The comic genre, the Halloween setting, the search for happiness all point to the limits of the ordinary middle-class way of life and our dissatisfaction with it, however much we wish to preserve and enjoy it. Mortimer thinks himself an intellectual above the bourgeoisie, but in fact depends on their society and tries every which way to preserve its respectability once he sees his family is in danger. He’s much more conventional than he realizes. But this attempt reveals a danger that stems from the attempt to moralize life, to clamp down on everything deemed “crazy” by an unreflective middle class. Authorities such as medicine and the courts, science and law become Mortimer’s shield against the reality he’s supposed to face, and without facing it he cannot really be part of the future, either as an intellectual or as a husband.
All this is tied up with democracy as much as with marriage, with public things as well as private. America cannot long endure the restraints of the WASP institutions. Respectability can blind people to the dangers of massive social changes. Our current elites are attempting something very similar to Mortimer in using the language of therapy and the claim that people are becoming radicalized by technology in order to censor the democratic revolution we are seeing in politics as much as on social media. But Mortimer is both chastened and moved to action, in a way in which our elites aren’t, being both paralyzed and arrogant.
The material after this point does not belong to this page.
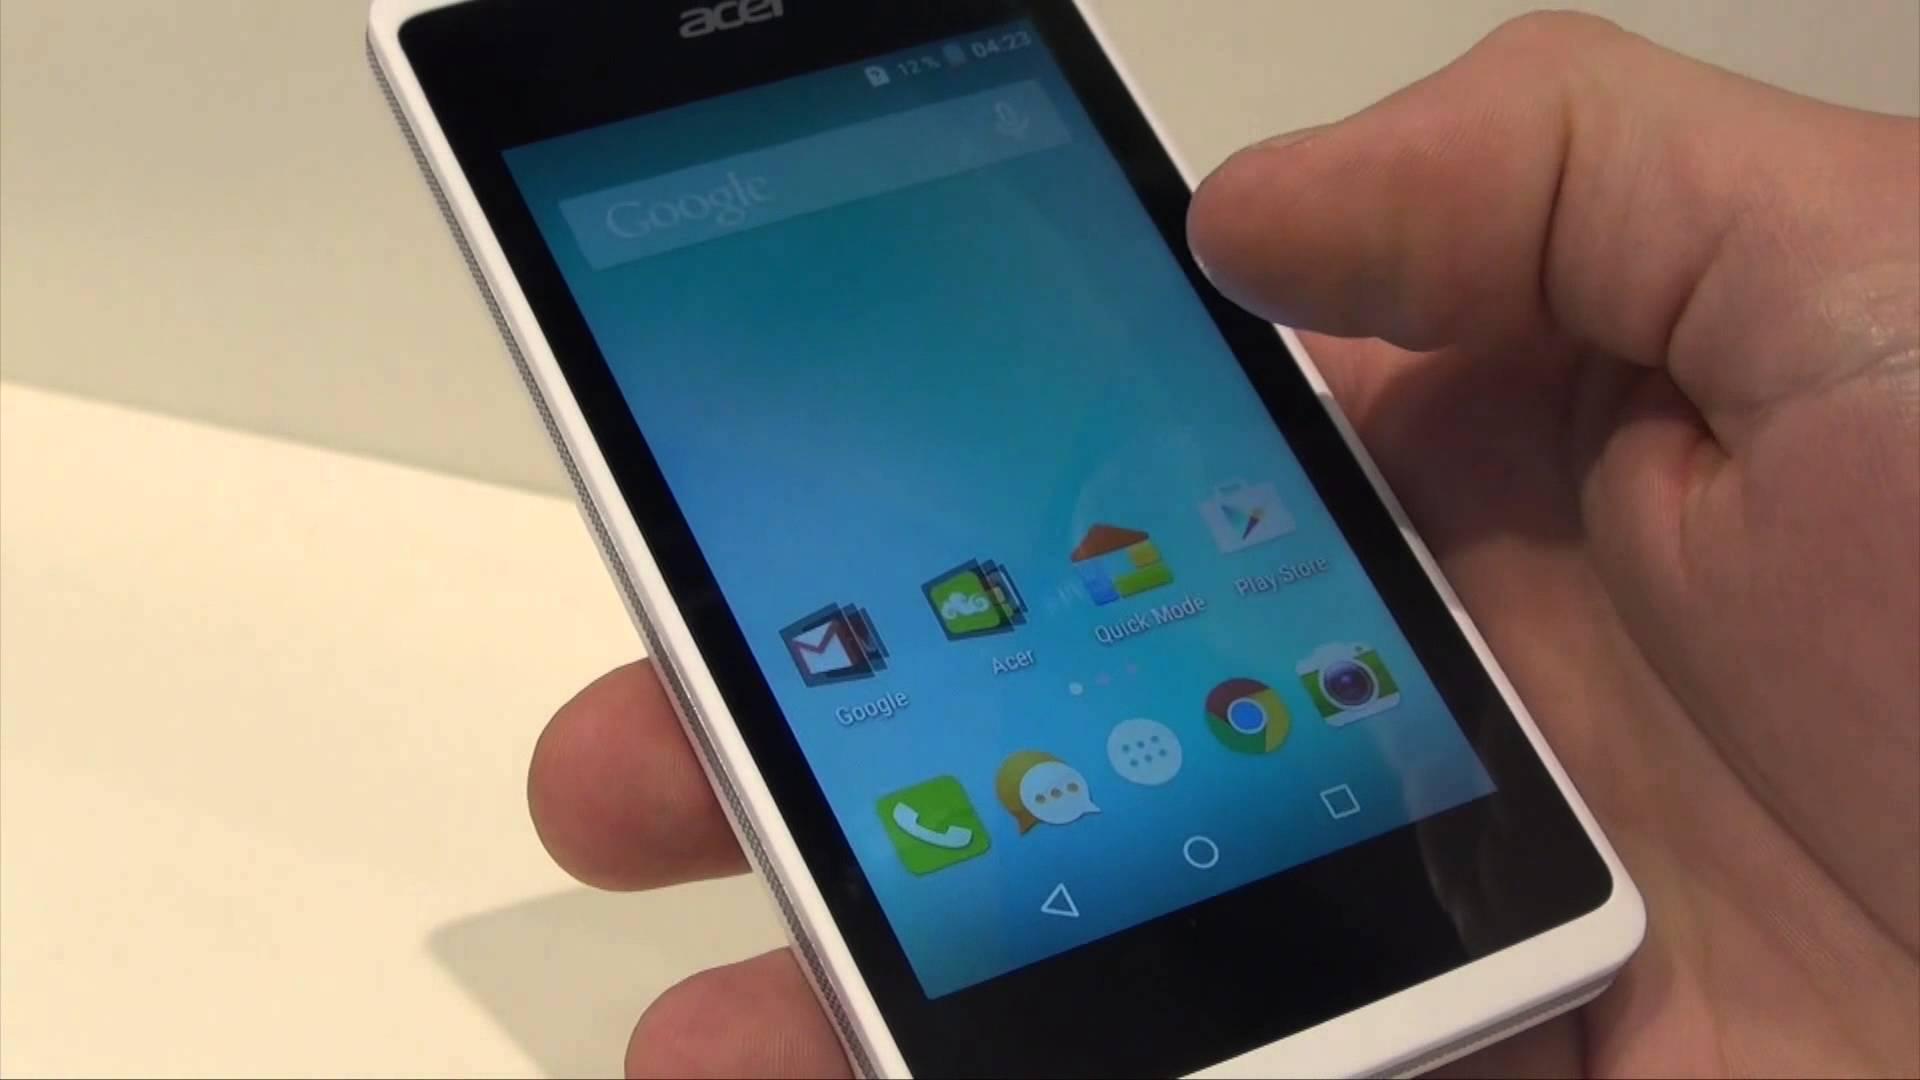 Acer Liquid Z220 Une Entree De Gamme Avec Un Prix A Tout Casser

The comedy suggests love is more essential to family than respectability, since the latter depends on the past—memories and imagination—rather than experience and passion. Moreover, it holds up the spontaneous as a better sign of our nature than the opinions that gain credence in our institutions. This isn’t intended to revolutionize the past, but to wake people up to present conditions, and to offer a guide for conduct and perhaps even to thought, in a situation where authority is contested and people feel confused. This also includes a preference for democracy and freedom, because there is more opportunity to correct mistakes if we’re not forever trying to hide what’s wrong with us and pretend to be as beautiful as our images of the past.
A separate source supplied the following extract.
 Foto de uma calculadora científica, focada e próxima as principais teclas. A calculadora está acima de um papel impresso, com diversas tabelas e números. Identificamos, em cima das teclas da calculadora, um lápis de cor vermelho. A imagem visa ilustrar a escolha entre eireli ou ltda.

The silly farce is also a witty satire on respectability. Comedy shows itself in a way superior to drama, and although it is crass, it is also subtle. Capra deserves our applause just as much for his insights as for making us laugh. He is the most famous immigrant among the great directors in Hollywood and the screenwriters, the Epstein twins, were also the sons of Jewish immigrants. Capra’s great success only fed his patriotism, but he still had the capacity to look at America from the distance of the stranger. That’s true in a way of the original play, written by Kesselring, a German immigrant, but his idea was more of a black comedy, more in tune with our times than the 1940s, too eager to blame the past and not sufficiently grateful for everything it’s made possible. Capra’s taste is better and deserves more respect, and it is also a pleasure we could share, and therefore a public service.